If this "works" at all it is probably because the regex library
interprets the facebook URL as having 0 '/' characters for (3) and one
charater (a '/') for the mandatory position.
AFAIK a regex library that does that is buggy though. So I think this
line will never match unless you are being passed phishing-like attack
URLs where the domain "facebook.com" is prefixed with some obscure
character like "1facebook.com" to fool people into clicking links
thinking its Facebook.
The '*' at the end also means 0 or more '/' characters. This is
pointless in terms of being a wildcard. There is an implicit '.*'
pattern at the ends unless you use the special anchor code '$' to mark
the URL ending.
But this pattern does not need that either. So you might as well erase
the whole '/*' part on the end.
Worst case you might be thinking this pattern matches only
"facebook.com" domain name because the domain is followed by a '/'.

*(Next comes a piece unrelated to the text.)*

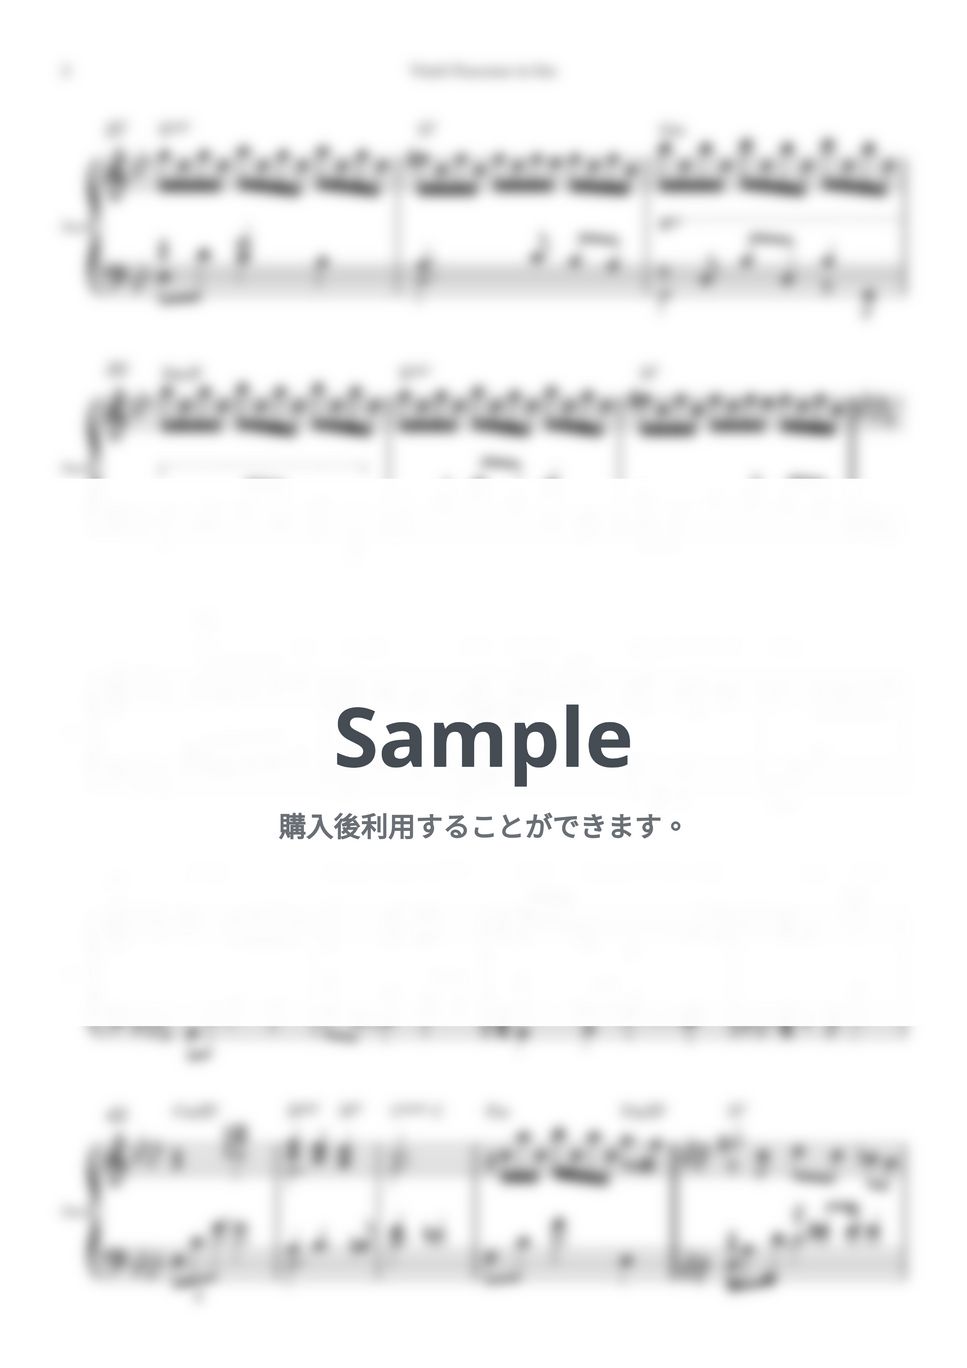 ビタリー - シャコンヌ (ピアノソロ楽譜) by Piano QQQ

However since the final '*' allows omitting that '/' delimiter this
pattern _actually_ matches any URL with a *subdomain* similar to
".facebook.com"
Such as "http://_facebook_com.example.com.bwaahahaha/"
==> If that was the behaviour you actually wanted, fair enough. But I
suggest in that case adding a comment to say it is there to catch some
attack URLs, not actual facebook.com traffic.

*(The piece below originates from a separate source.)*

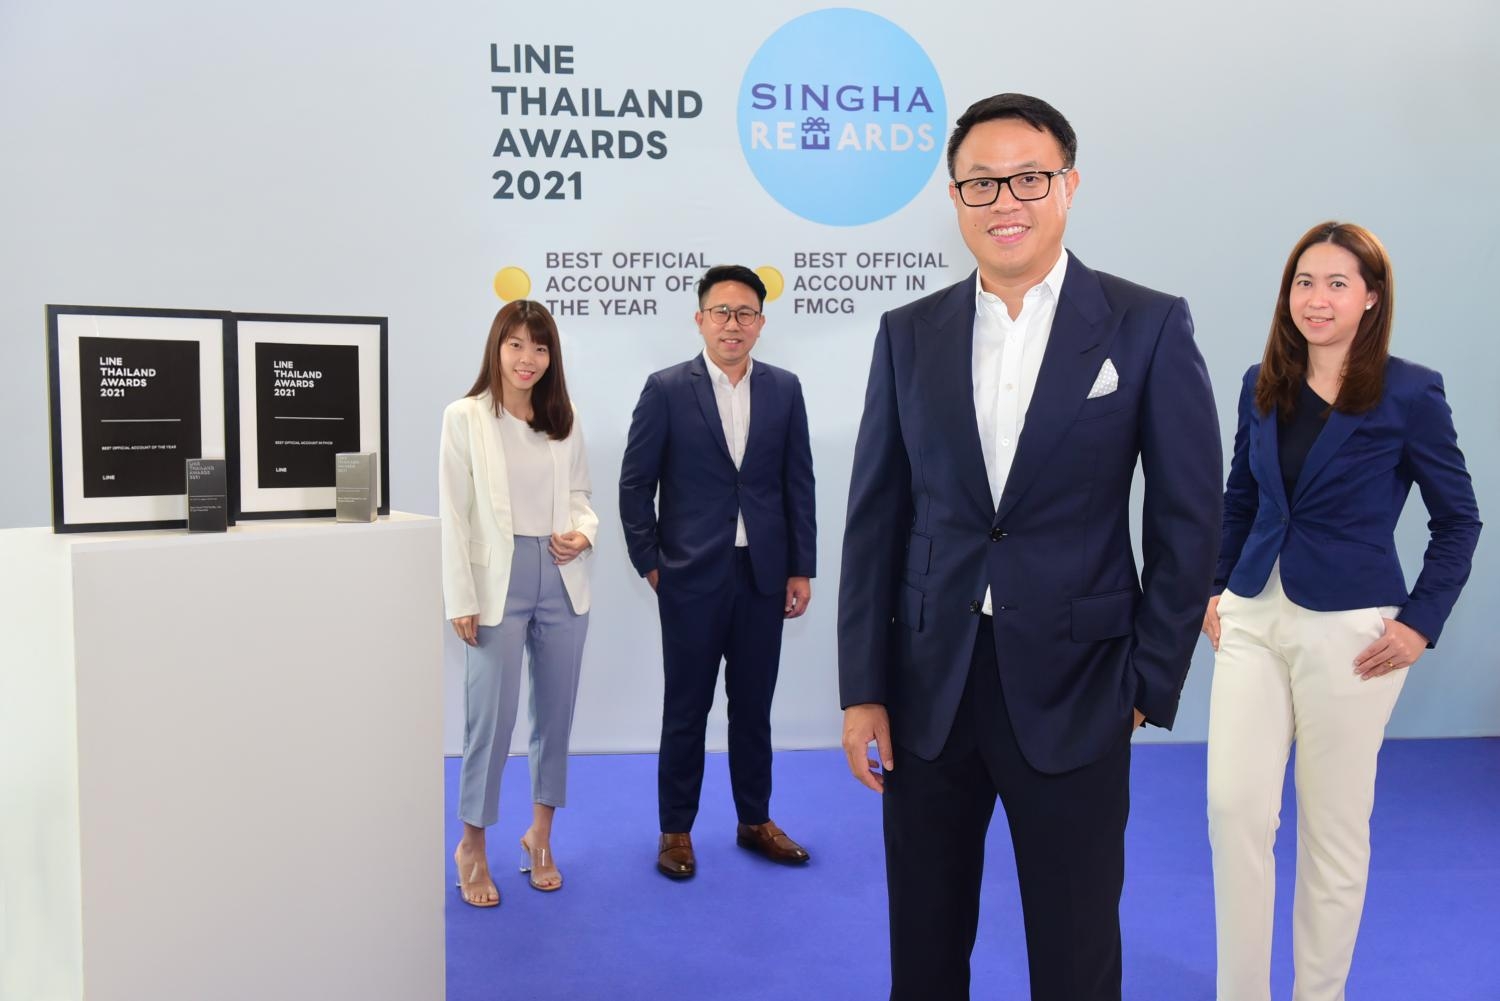 “น้ำดื่มสิงห์” คว้า 2 รางวัล LINE Thailand Awards 2021  สุดยอดแบรนด์ทำการตลาดดิจิทัลครองใจผู้บริโภค

To retain the current behaviour the correct pattern should be:
^http://*.facebook.com
To fix the behaviour to only match facebook.com and sub-domains, the
correct pattern would be:
^http://.*\.facebook\.com/
Also, I suggest adding 's?' after the '^http' bit (as demo'd below), so
the one pattern matches both HTTP and HTTPS URLs.
Also, I suggest using the -i flag. Scheme and domain are
case-insensitive URL segments. Squid should be normalizing them to lower
case, but may not.
> refresh_pattern ^https://*.ruzivodigitallearning.co.zw.com/* 720 100% 4320
> refresh_pattern ^http://*.ruzivodigitallearning.co.zw.com/* 720 100% 4320
You can merge the above two lines into one by using the regex pattern:
^https?://.*\.ruzivodigitallearning\.co\.zw\.com/
Note that I have corrected for the same issues the facebook pattern had.
BTW: is that .com supposed to be there? I looked up the URL in redbot to
check cachability and the .com was not found, but there is a .co.zw ccTLD.
> refresh_pattern ^http://mail.yahoo.com/.* 720 100% 4320
> refresh_pattern ^http://*.yahoo.*/.* 720 100% 4320
> refresh_pattern ^http://*.yimg.*/.* 720 100% 4320
> refresh_pattern ^http://*.gmail.*/.* 720 100% 4320
> refresh_pattern ^http://*.google.*/.* 720 100% 4320
> refresh_pattern ^http://*.kaskus.*/.* 720 100% 4320
> refresh_pattern ^http://*.googlesyndication.*/.* 720 100% 4320
> refresh_pattern ^http://*.plasa.*/.* 720 100% 4320
> refresh_pattern ^http://*.telkom.*/.* 720 100% 4320
A useful rule of thumb is that fewer refresh_pattern lines leads to
better peformance.
So a redux of the above into a single regex pattern will be faster. Do
it with (a|b|c) compounding like the "file extension" patterns below.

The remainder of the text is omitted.